Neural Stochastic Differential Equations with Neural Processes Family Members for Uncertainty Estimation in Deep Learning

Existing neural stochastic differential equation models, such as SDE-Net, can quantify the uncertainties of deep neural networks (DNNs) from a dynamical system perspective. SDE-Net is either dominated by its drift net with in-distribution (ID) data to achieve good predictive accuracy, or dominated by its diffusion net with out-of-distribution (OOD) data to generate high diffusion for characterizing model uncertainty. However, it does not consider the general situation in a wider field, such as ID data with noise or high missing rates in practice. In order to effectively deal with noisy ID data for credible uncertainty estimation, we propose a vNPs-SDE model, which firstly applies variants of neural processes (NPs) to deal with the noisy ID data, following which the completed ID data can be processed more effectively by SDE-Net.
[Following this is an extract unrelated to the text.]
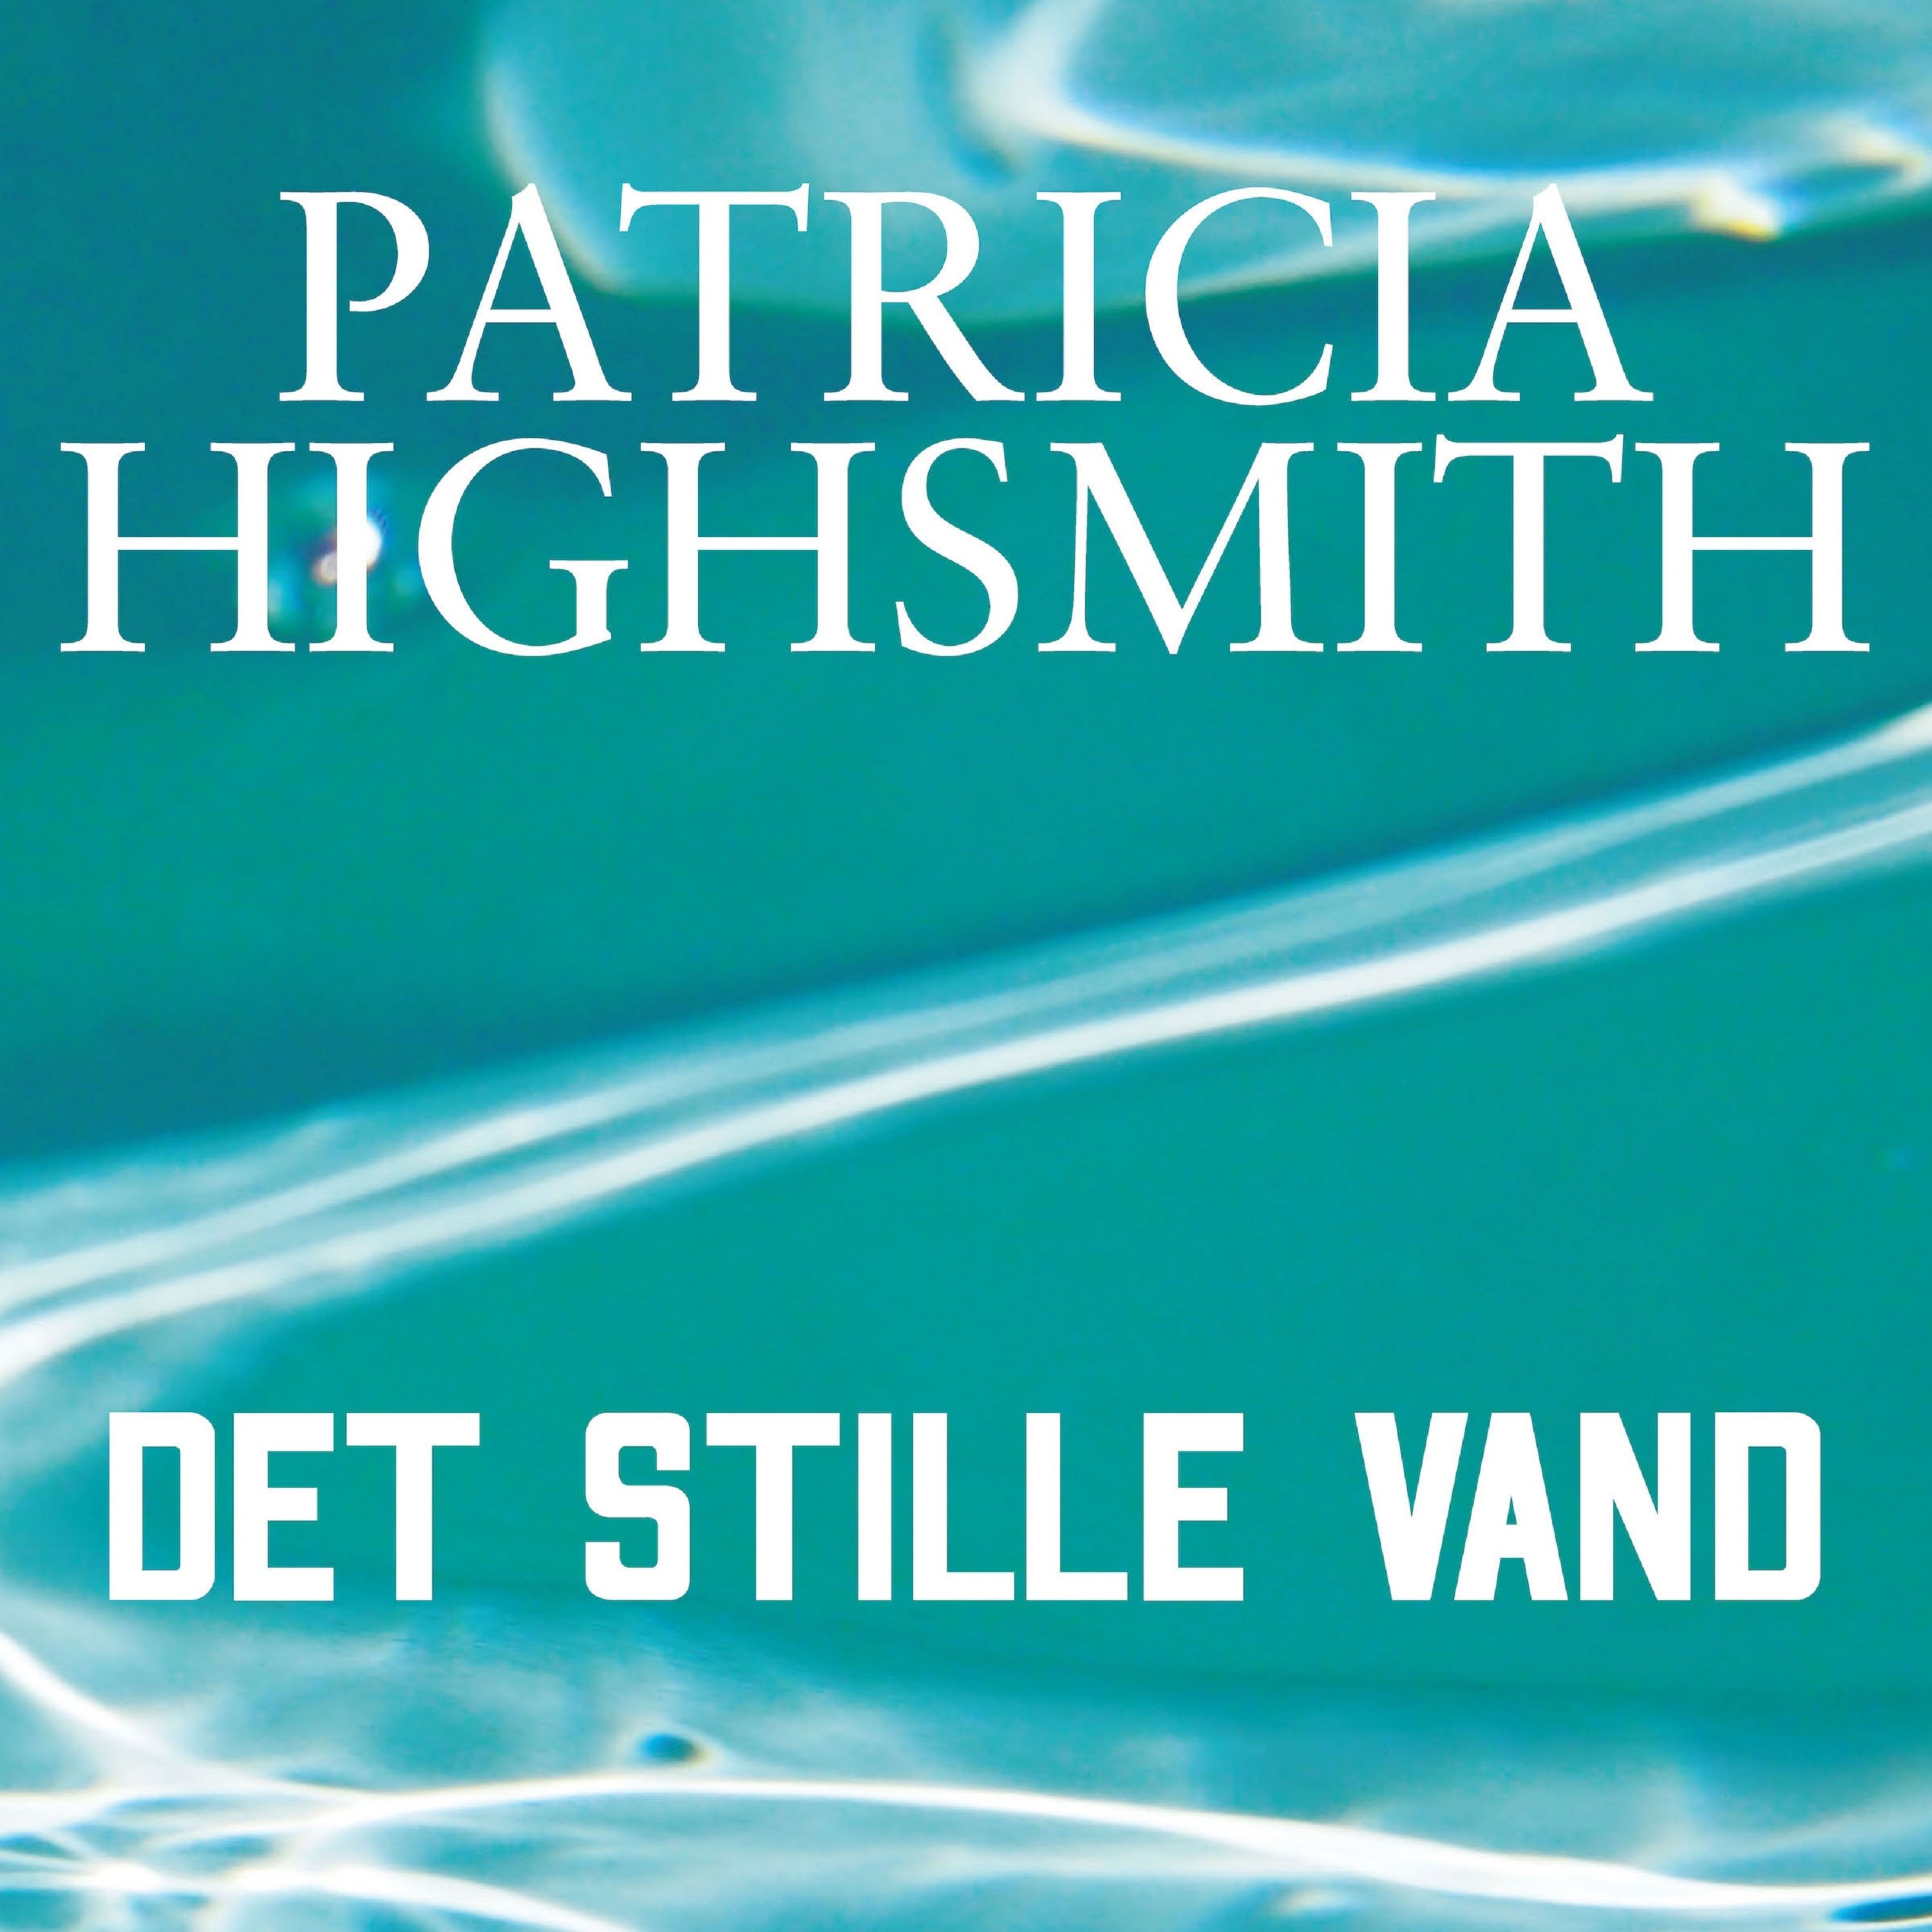 Det stille vand, audiobook by Patricia Highsmith
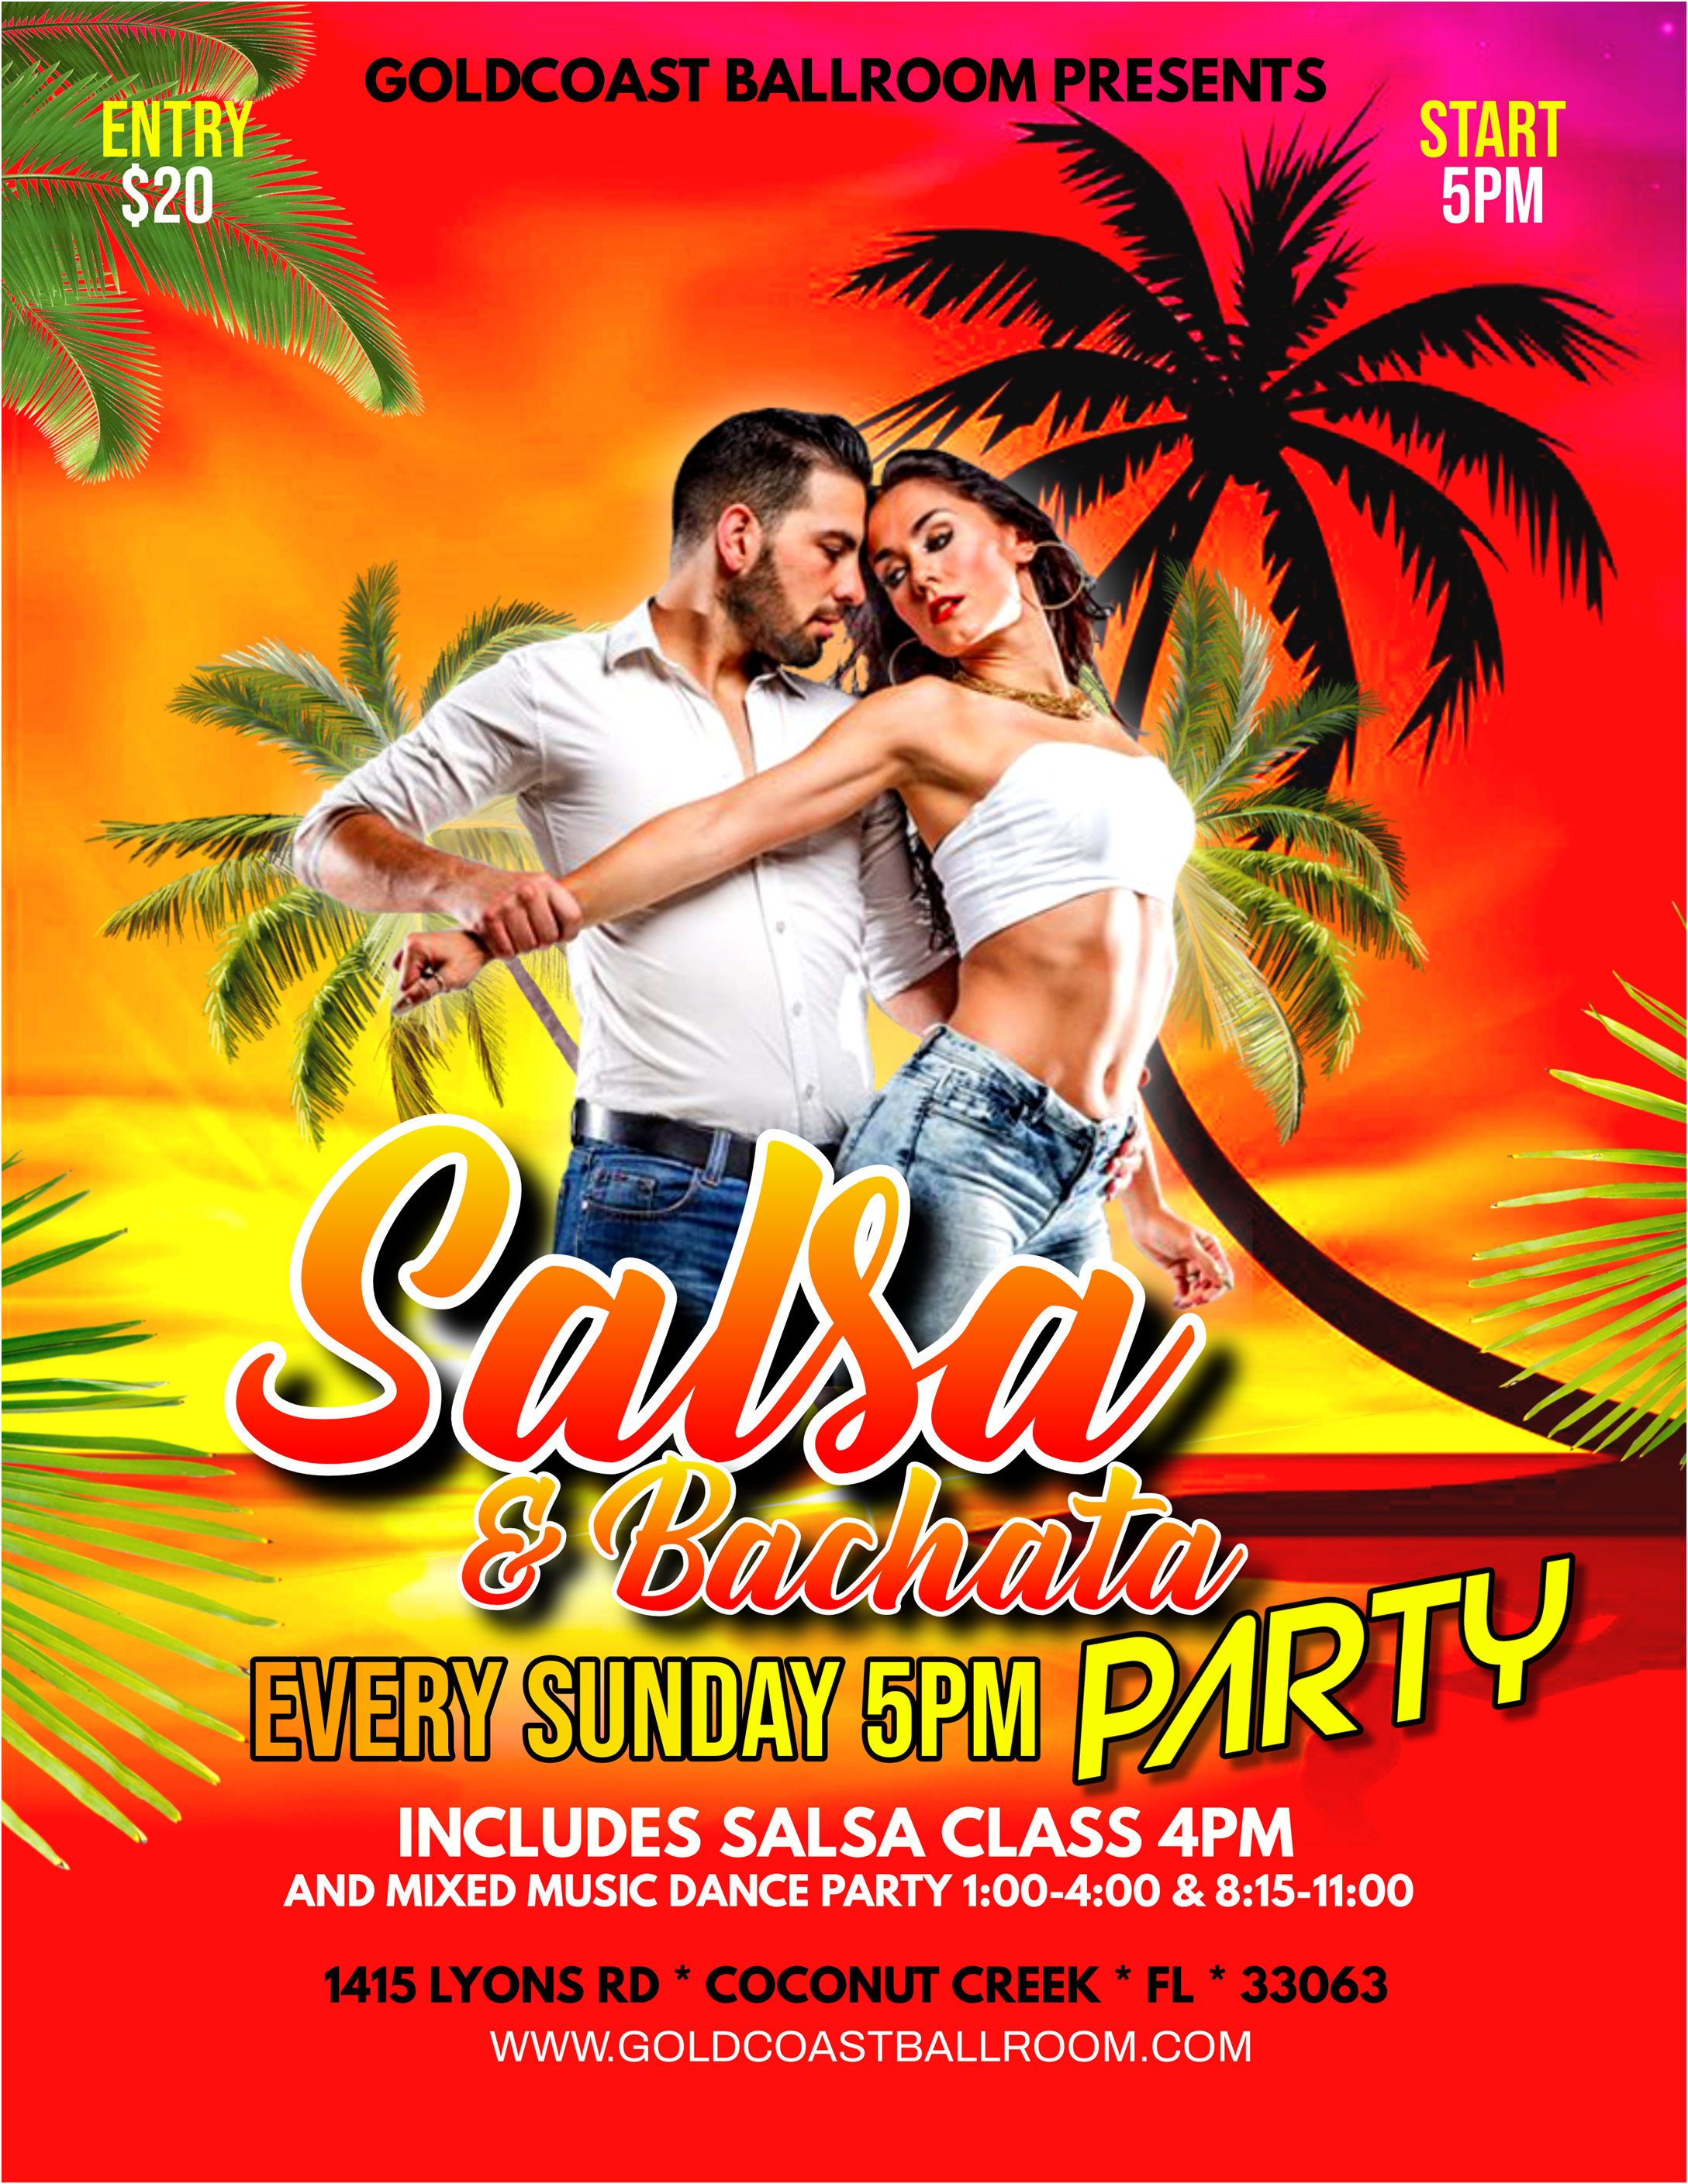 Every Sunday at Goldcoast Ballroom - Salsa & Bachata Party, Class & Mixed Music Dances

Experimental results show that the proposed vNPs-SDE model can be implemented with convolutional conditional neural processes (ConvCNPs), which have the property of translation equivariance, and can effectively handle the ID data with missing rates for one-dimensional (1D) regression and two-dimensional (2D) image classification tasks. Alternatively, vNPs-SDE can be implemented with conditional neural processes (CNPs) or attentive neural processes (ANPs), which have the property of permutation invariance, and exceeds vanilla SDE-Net in multidimensional regression tasks.